Born in Saint-Malo, France, to a moderately wealthy merchant family, he is sent to study at the College de la Marche in Paris in 1714. After two years in Paris, he returns to Saint-Malo at the insistence of his mother and is educated in mathematics by a private tutor. After completing his formal education, he obtains the position of lieutenant in the Musketeers, and in 1718 he joins the regiment of La Roche Guyon. By 1722, he gives up his career as a cavalry officer and moves to Paris to begin to build his reputation as a mathematician. There he meets the dramatist, novelist, and journalist Marivaux, Pierre Carlet de Chamblain de and the playwright La Motte, as well as mathematicians Joseph Saurin, Nicole, and Terrasson. He is admitted to the Académie des Sciences in 1723 at the age of 25, and in the following year he publishes his first paper, “Sur la forme des instruments de musique,” which studies the effect of the shape of an instrument on the characteristics of the note produced. This paper is followed by others: on maxima and minima in 1726, on the cycloid in 1727, and others on curves in 1727, 1728, and 1729. He also shows a keen interest in biology during this period, when he acts as secretary to the naturalist Bignon and writes an important paper on the salamander. He visits London in 1728 and is elected a Fellow of the Royal Society.

He leaves for Basel to study under Johann Bernoulli in order to enhance his knowledge of math and science at the University of Basel.

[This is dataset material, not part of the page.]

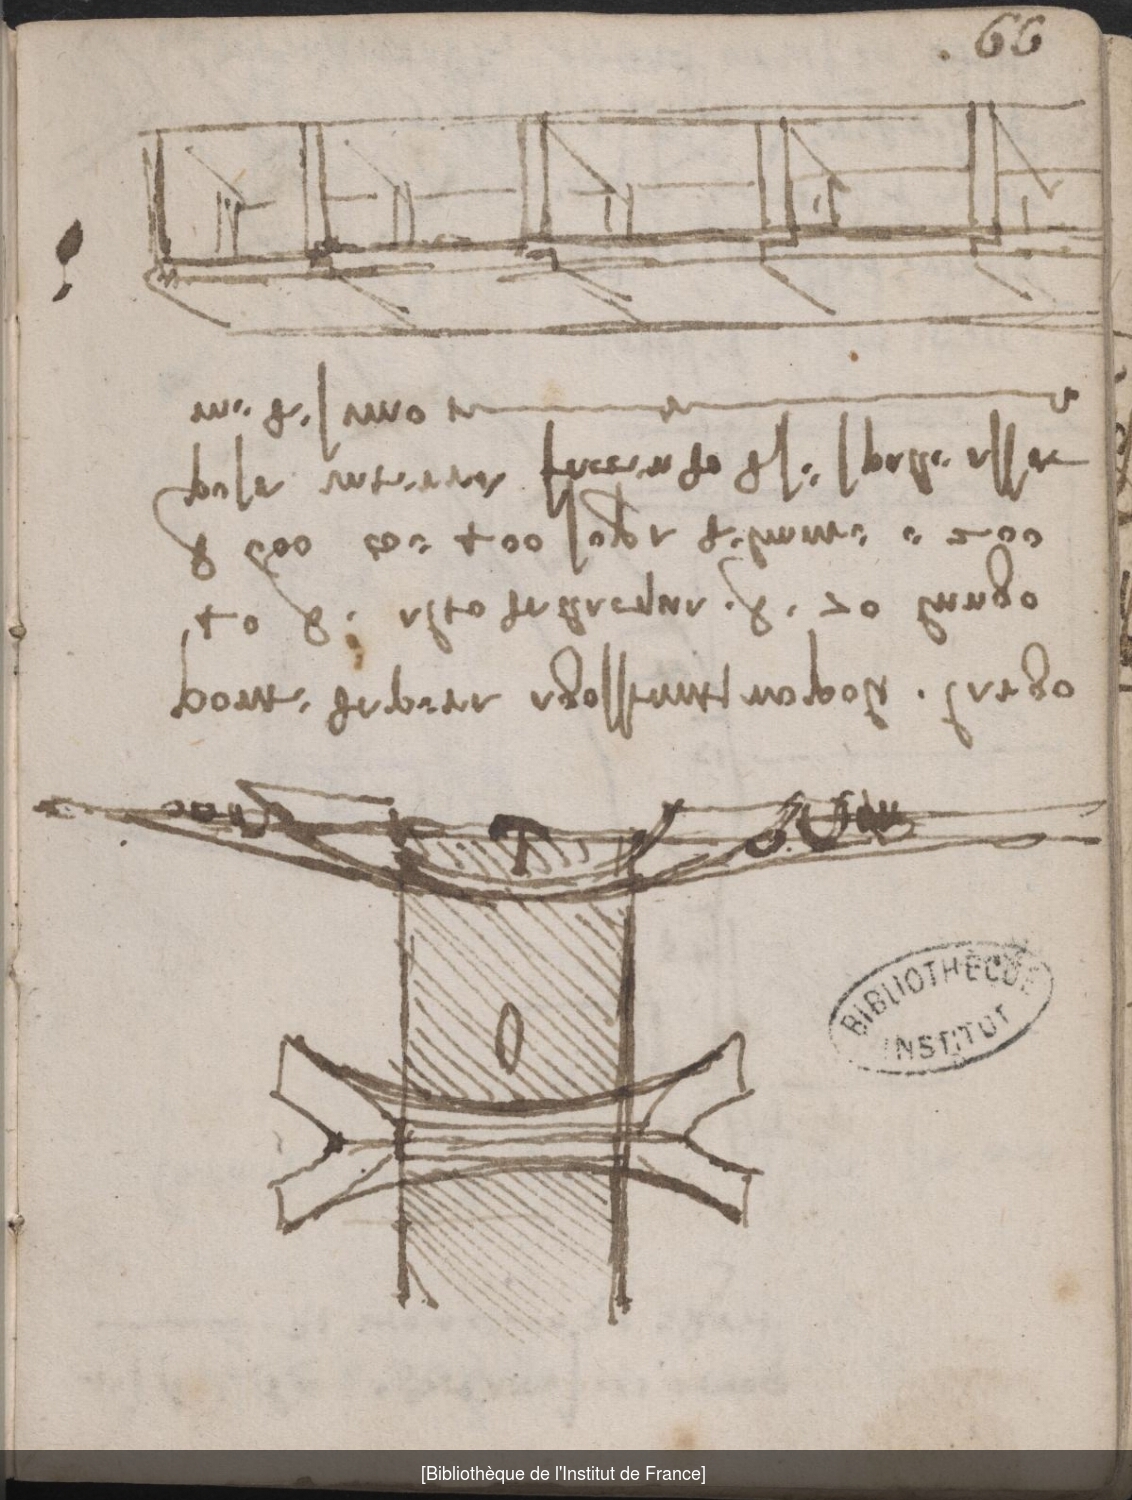 Ms 2182 (manuscrit L), , f. 66. Projet de pont. Léonard avait conçu l’idée d’un pont sur la Corne d’Or pour réunir Pera à Constantinople.

There he learns of Descartes’s vortex theory model of the solar system and of Leibniz’s views on mechanics. He also learns of Newton’s physics. He returns to Paris in July of 1730. By 1731, he writes his first paper on astronomy and another on differential equations, while at the same time developing his reputation. In 1732 he publishes a paper which treats rotating bodies that discusses the nature of Saturn’s rings and the shape that a rotating body assumes. It contains errors, showing that Maupertuis has not yet fully understood Newton’s inverse square law and the resulting gravitational force within a solid body. He declares himself a supporter of Newton’s theory of gravitation with his publication of Figure des astres in 1732. This treatise announces Mautpertuis’s position on the biggest problem of the period, that of the shape of the earth. In 1736, he acts as chief of the French Geodesic Mission, sent by King Louis XV to Lapland to measure the length of a degree along the meridian. His measurement verifies the Newtonian view that the earth is an oblate spheroid, flattened at the poles. The results of the measurements are made public in Maupertuis’s book La Figure de la Terre in 1738. Upon his return from the Lapland expedition, he sets about generalizing his earlier mathematical work.

In 1740, Maupertuis goes to Berlin on the invitation of the King of Prussia, and takes part in the Battle of Mollwitz, where he is taken prisoner by the Austrians. On his release, he returns to Paris in 1742 and is elected director of the Academy of Sciences. The following year, he is also elected to the Académie Française. In 1745 he returns to Berlin where he marries Eleonor Borck that same year. He is appointed president of the Berlin Academy in 1746 at the wish of Frederick II, the Great and holds this post for eight years. It is also in 1746 that he proposes his Principle of Least Action as a metaphysical principle that underlies all the laws of mechanics. He publishes it four years later in his Essai de cosmologie. When his health declines in 1757, he retires to the south of France, then leaves for Basel in 1758 where he dies a year later.

The Maupertuis Crater on the Moon is named after him.

Further Reading:

Terrall, Mary. The Man Who Flattened the Earth: Maupertuis and the Sciences in the Enlightenment. 2002.

Beeson, David. “Maupertuis: An Intellectual Biography.” Oxford: Voltaire Foundation, 1992.